Salvini fuori controllo?

 A livello nazionale Salvini sembra fuori controllo, un po’ come l’estate 2019, quella del Papeete. Spinge per  levare l’obbligo dei vaccini ai ragazzi e per rendere la maternità surrogata “reato universale”. Che non si capisca cosa voglia dire  visto che in Italia non è praticabile. A livello europeo lavora per spingere Meloni verso i “Patrioti” e far saltare il tavolo di von der Leyen. La premier tace, ascolta, lavora al Piano Mattei.

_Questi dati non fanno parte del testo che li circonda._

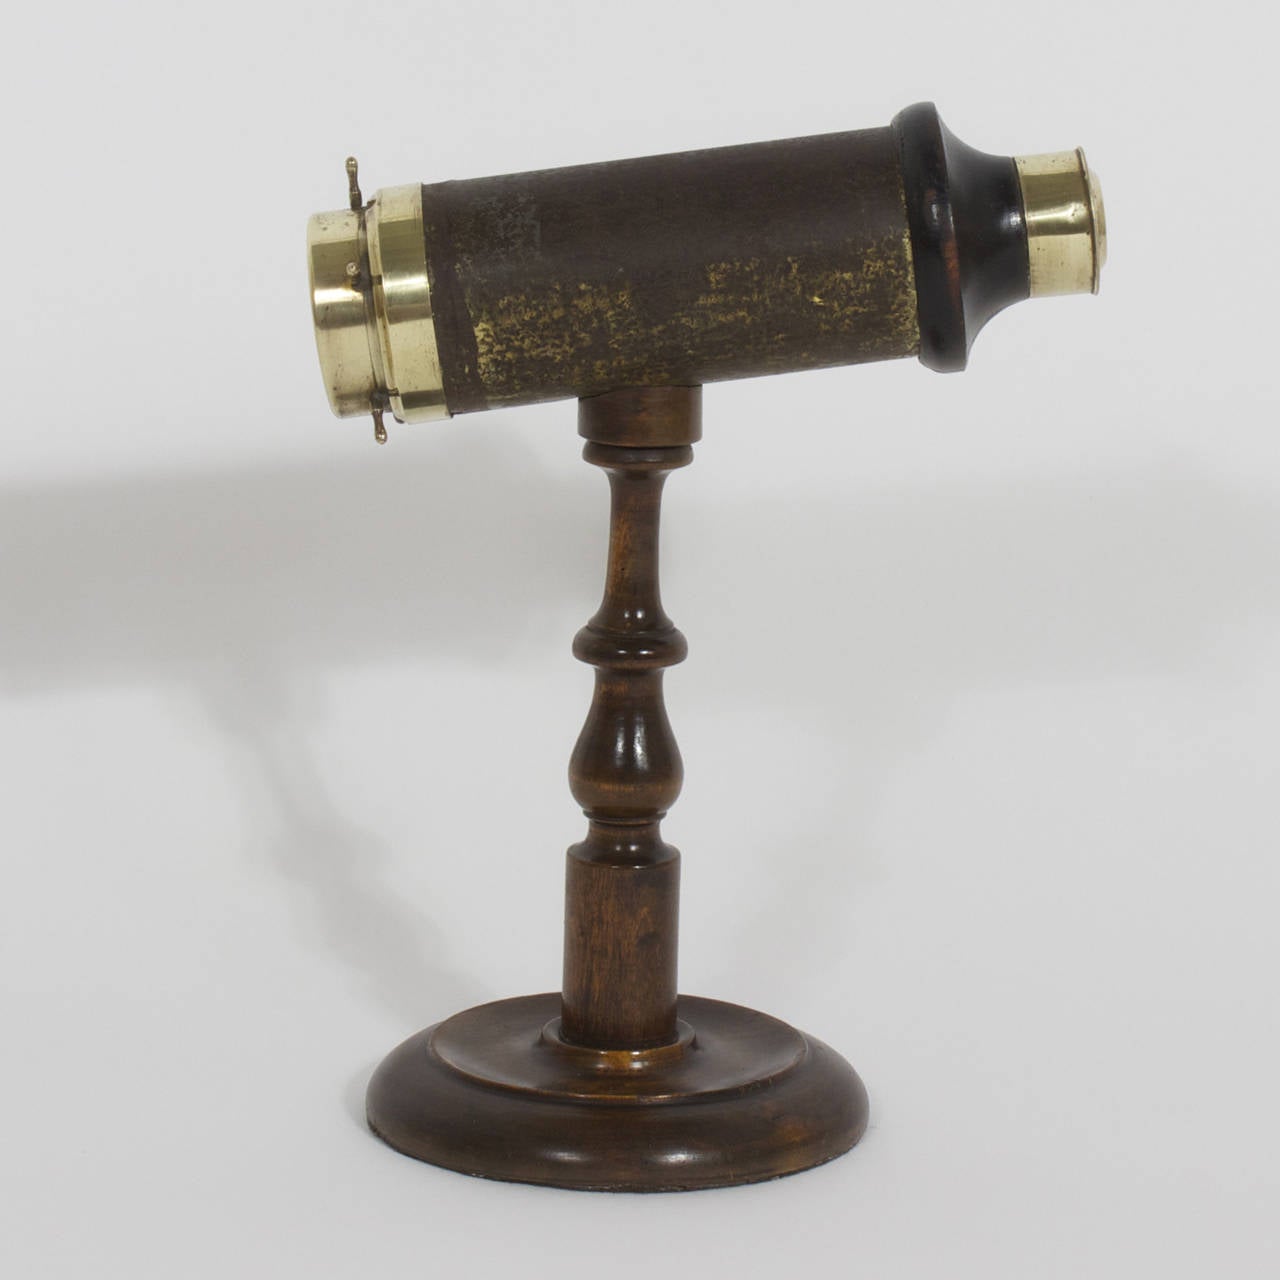 Antique kaleidescope with brass eyepiece and a wood and leather cylinder brass turning mechanizum in the shape of a ships wheel. The classic base is of turned and polished hardwood. Originally found in upperclass parlors, Kaleidoscopes where the

Incassa rate del Pnrr e privatizzazioni.  Bruxelles facilita i dossier più utili in questo periodo, dal Pnrr a Ita. Tutto pur di favorire lo strappo di Meloni: lasciare quella destra che le sta sussurrando alle orecchie una ritirata nazionalista, antieuropea e nemica della Nato che sarebbe imperdonabile; virare ora e per sempre verso una destra conservatrice ma europea, atlantista, contemporanea. E’ una scelta difficile per una leader e premier che ha recitato entrambi i ruoli in questi diciotto mesi di governo. Ma è adesso il momento della verità. Subito dopo, ammesso che Meloni accettalo strappo e dica addio alla sua parte destra più estrema, dovrà porsi il problema di cosa fare con Salvini al governo che ogni giorno pone un problema. Ogni tanto s’affaccia il pensiero di far saltare il banco e andare al voto “per fare chiarezza su chi comanda  nella maggioranza”.